_TASK_
The pictures stay out. Please retype every line below exactly.

_SUPPLIED DATA_
»»
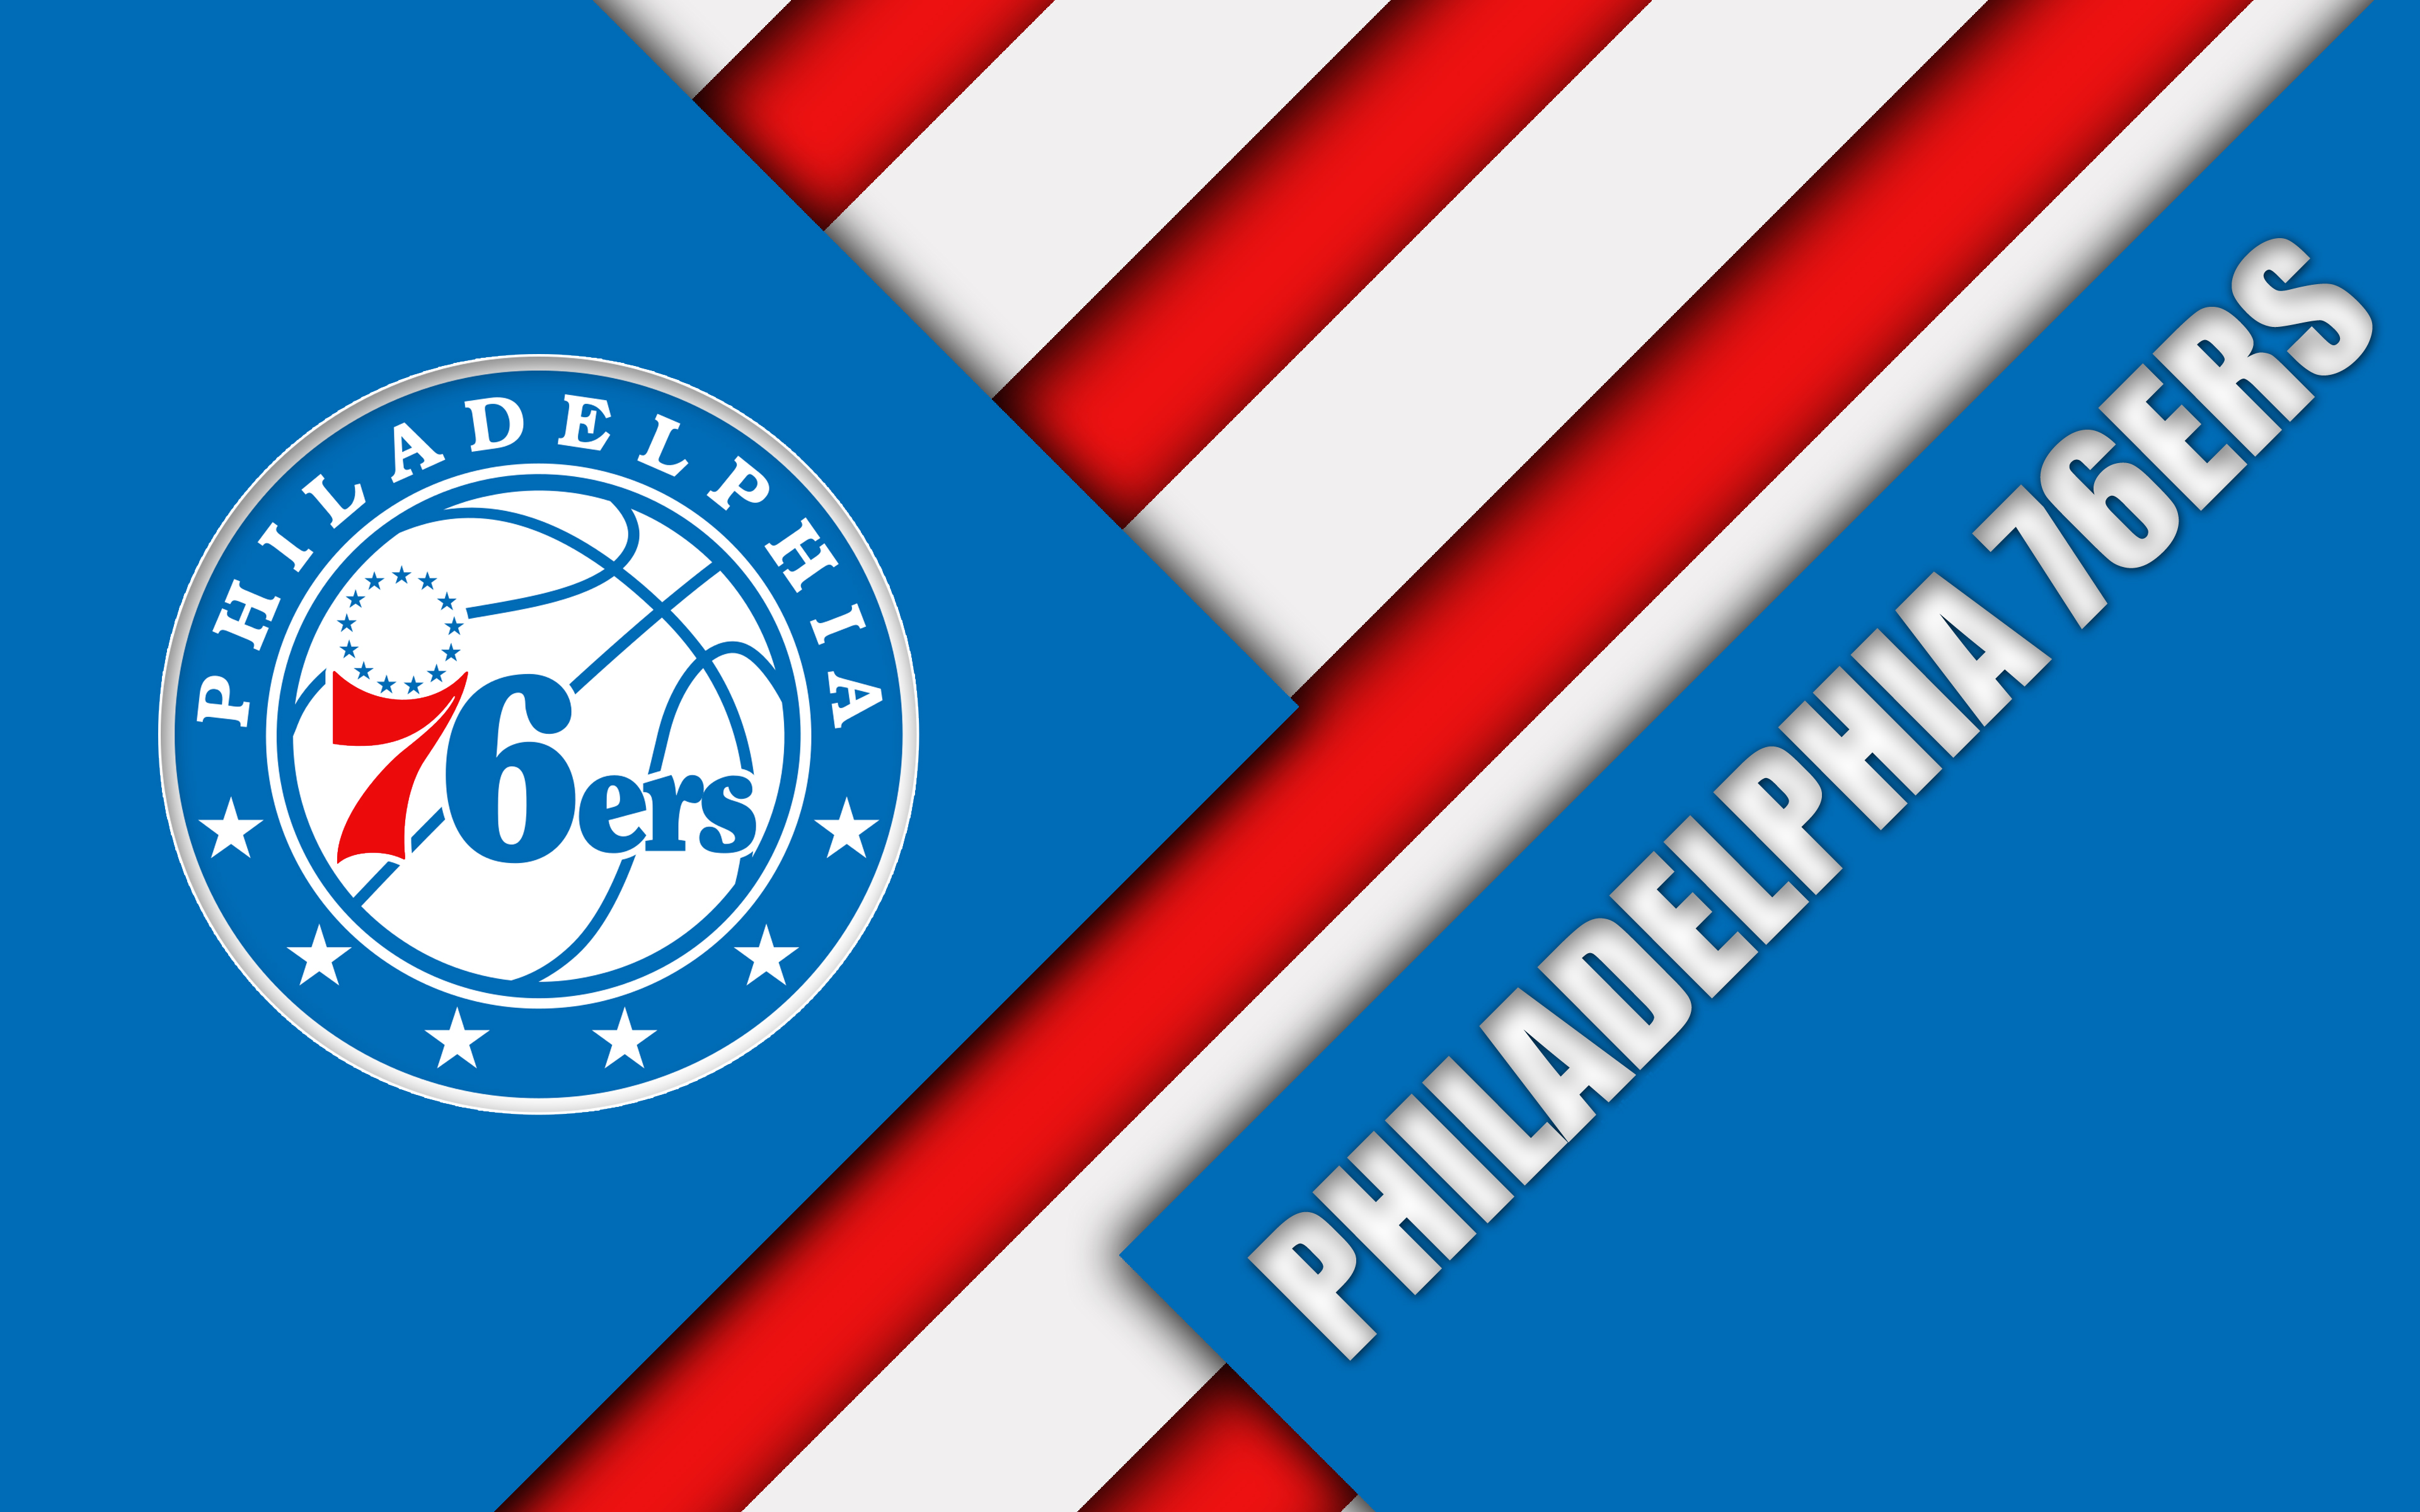 Download wallpaper Philadelphia 76ers, 4k, logo, material design, American basketball club, red blue abstraction, NBA, Philadelphia, Pennsylvania, USA, basketball for desktop with resolution 3840x2400. High Quality HD picture wallpaper
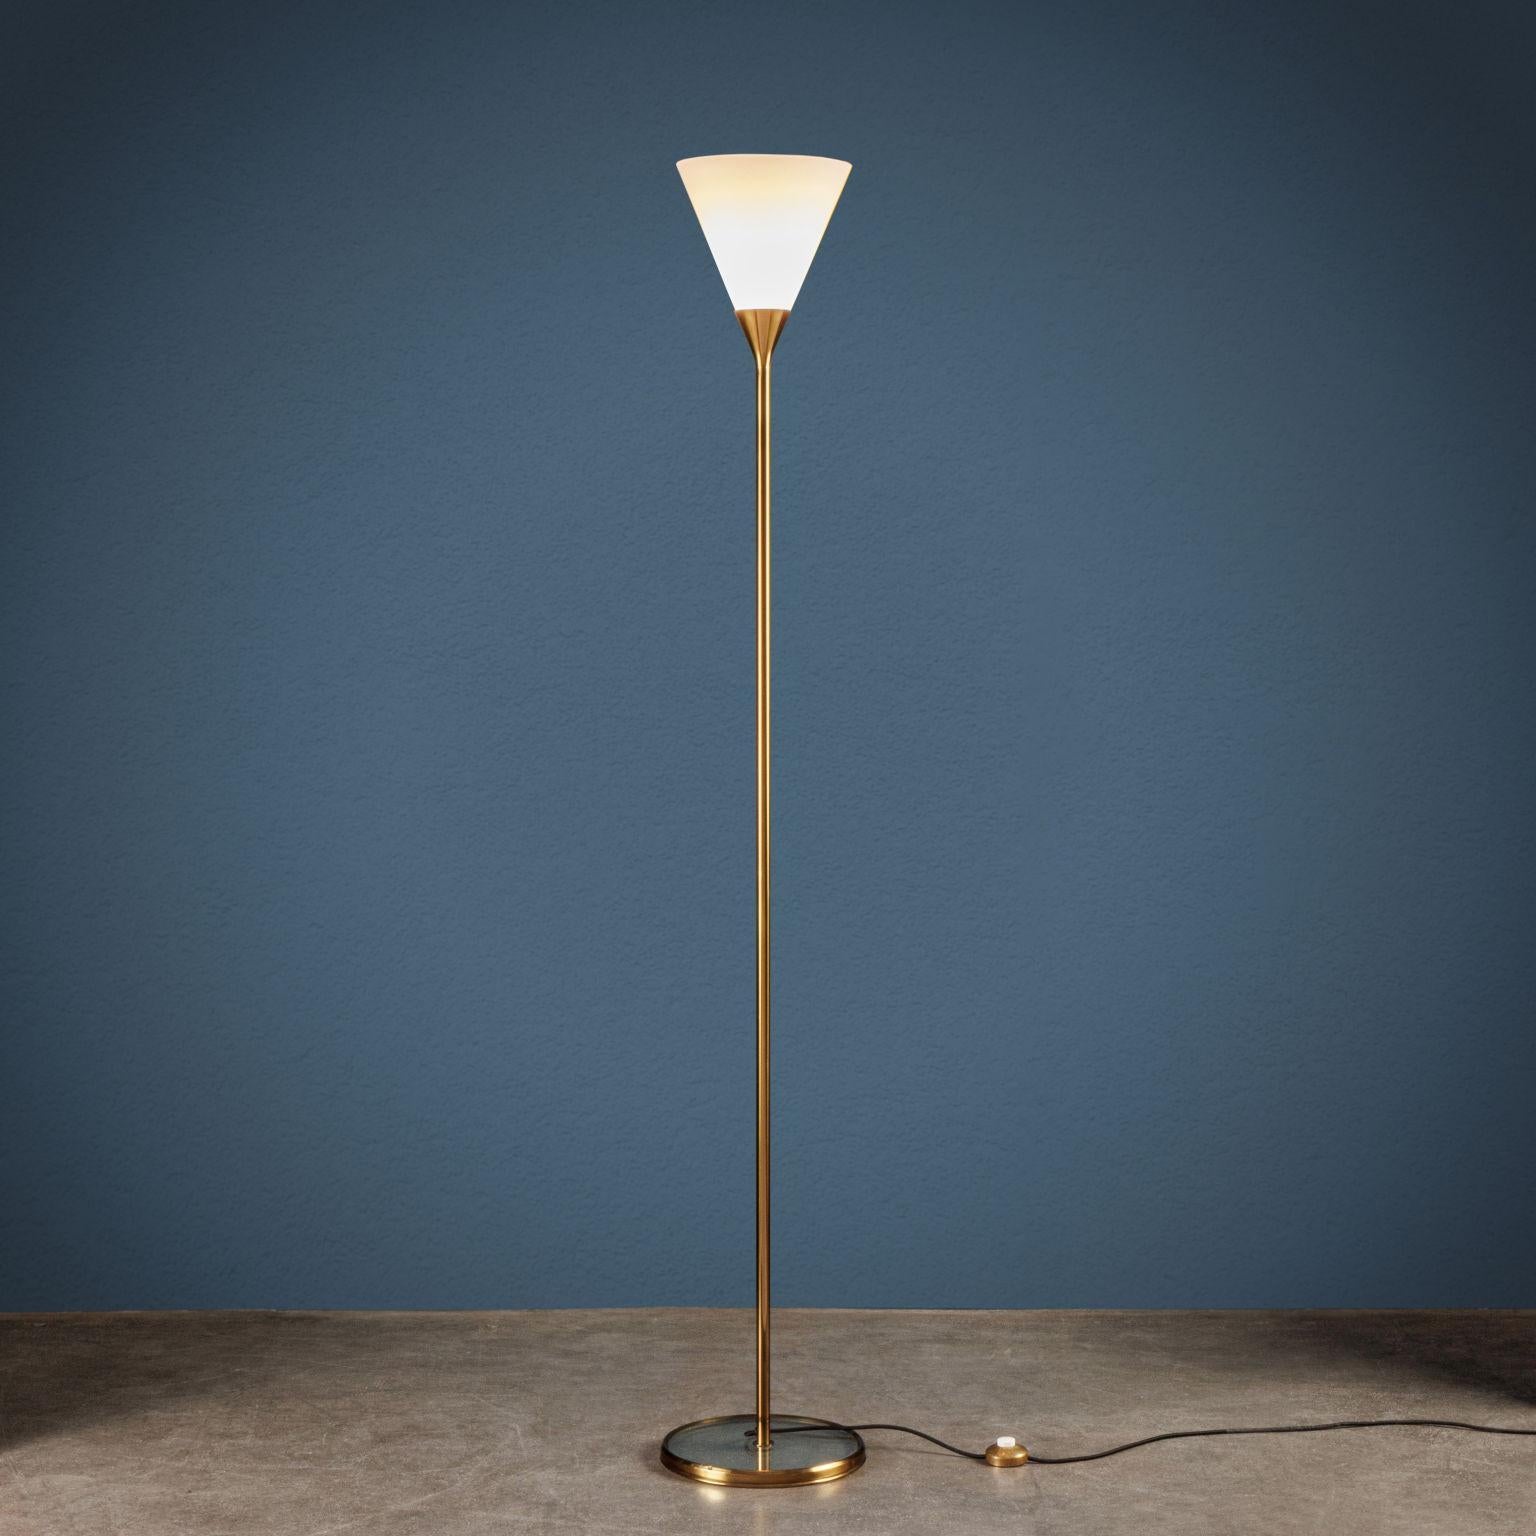 Model ‘2003’ floor lamp designed by Max Ingrand and produced by Fontana Arte in 1962. It has a brass profiled crystal base, a brass stem and a conical glass diffuser.
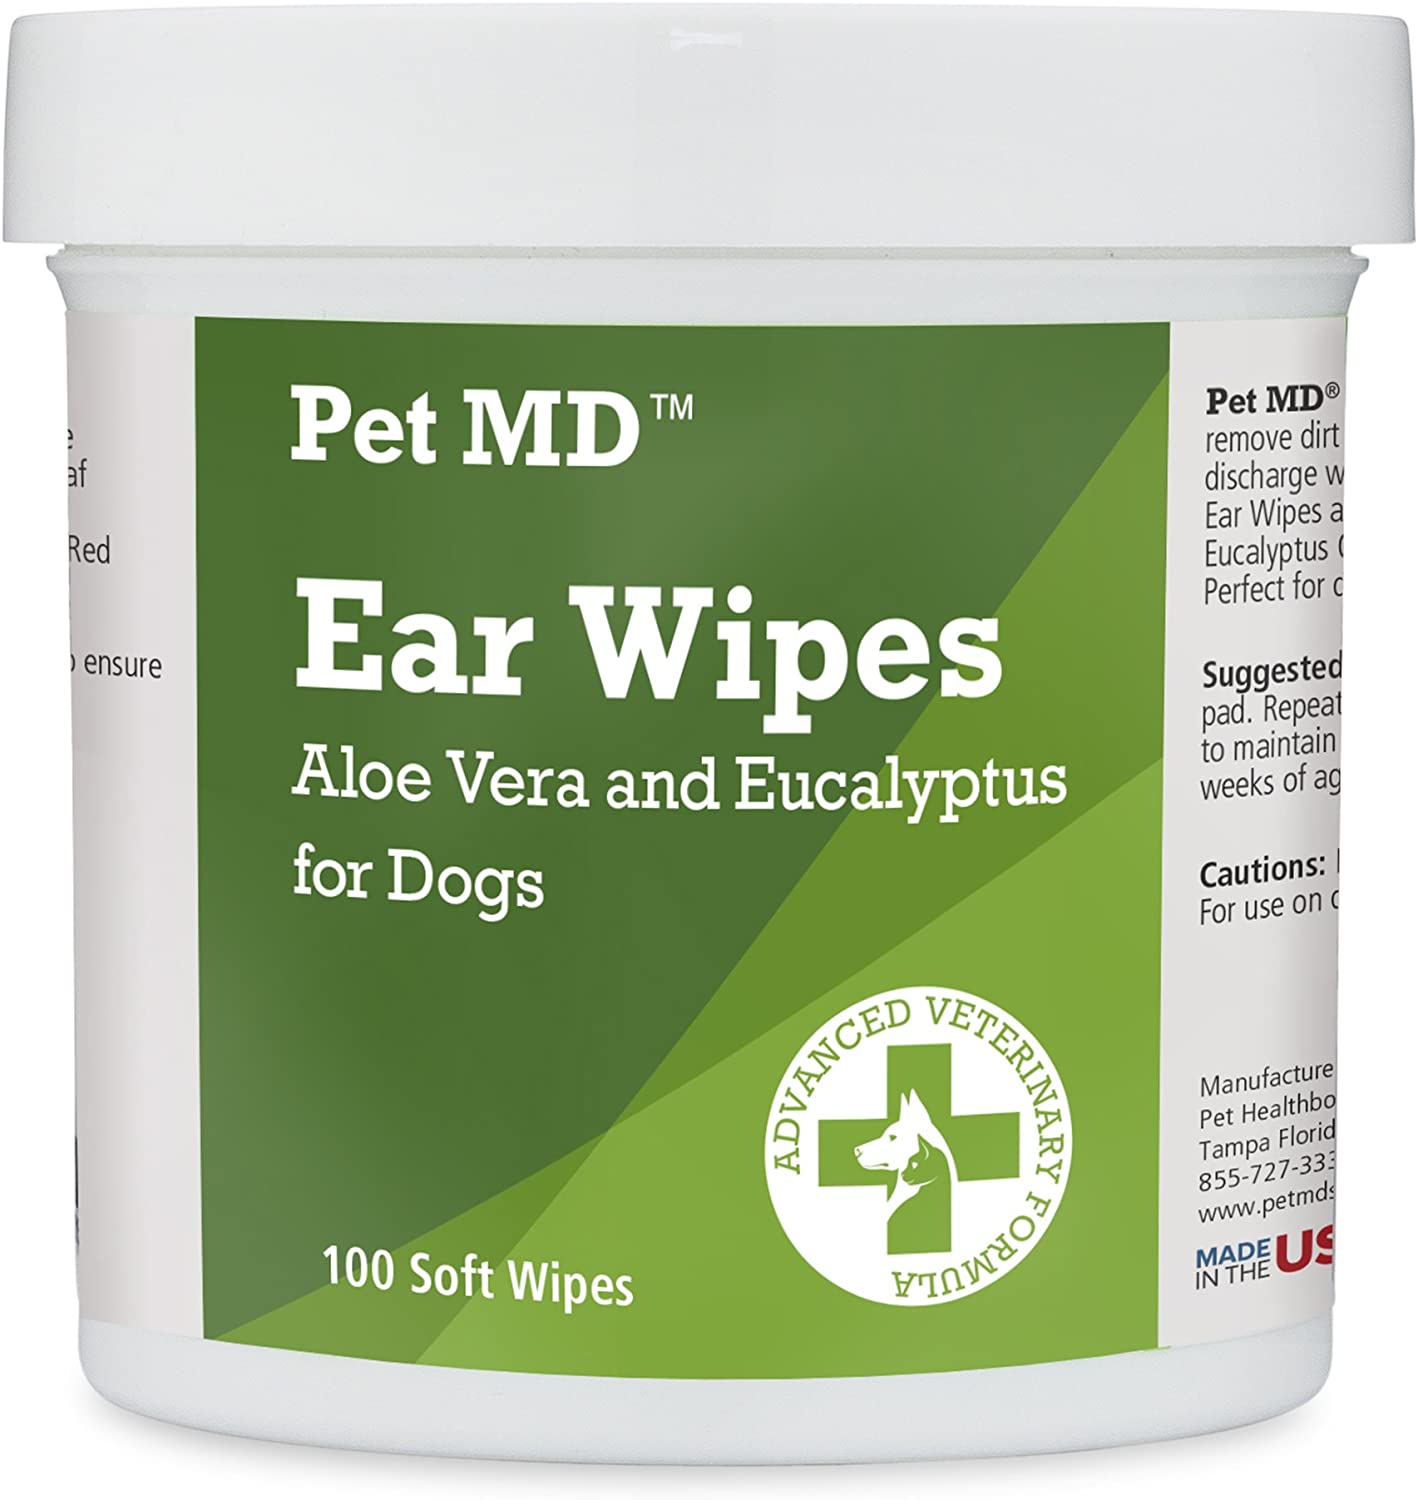 Pet MD – Dog Ear Cleaner Wipes – Otic Cleanser for Dogs to Stop Ear Itching, and Infections with Aloe and Eucalyptus – 100 Count
««
_REPLY TO THE TASK_
 Download wallpaper Philadelphia 76ers, 4k, logo, material design, American basketball club, red blue abstraction, NBA, Philadelphia, Pennsylvania, USA, basketball for desktop with resolution 3840x2400. High Quality HD picture wallpaper
 Model ‘2003’ floor lamp designed by Max Ingrand and produced by Fontana Arte in 1962. It has a brass profiled crystal base, a brass stem and a conical glass diffuser.
 Pet MD – Dog Ear Cleaner Wipes – Otic Cleanser for Dogs to Stop Ear Itching, and Infections with Aloe and Eucalyptus – 100 Count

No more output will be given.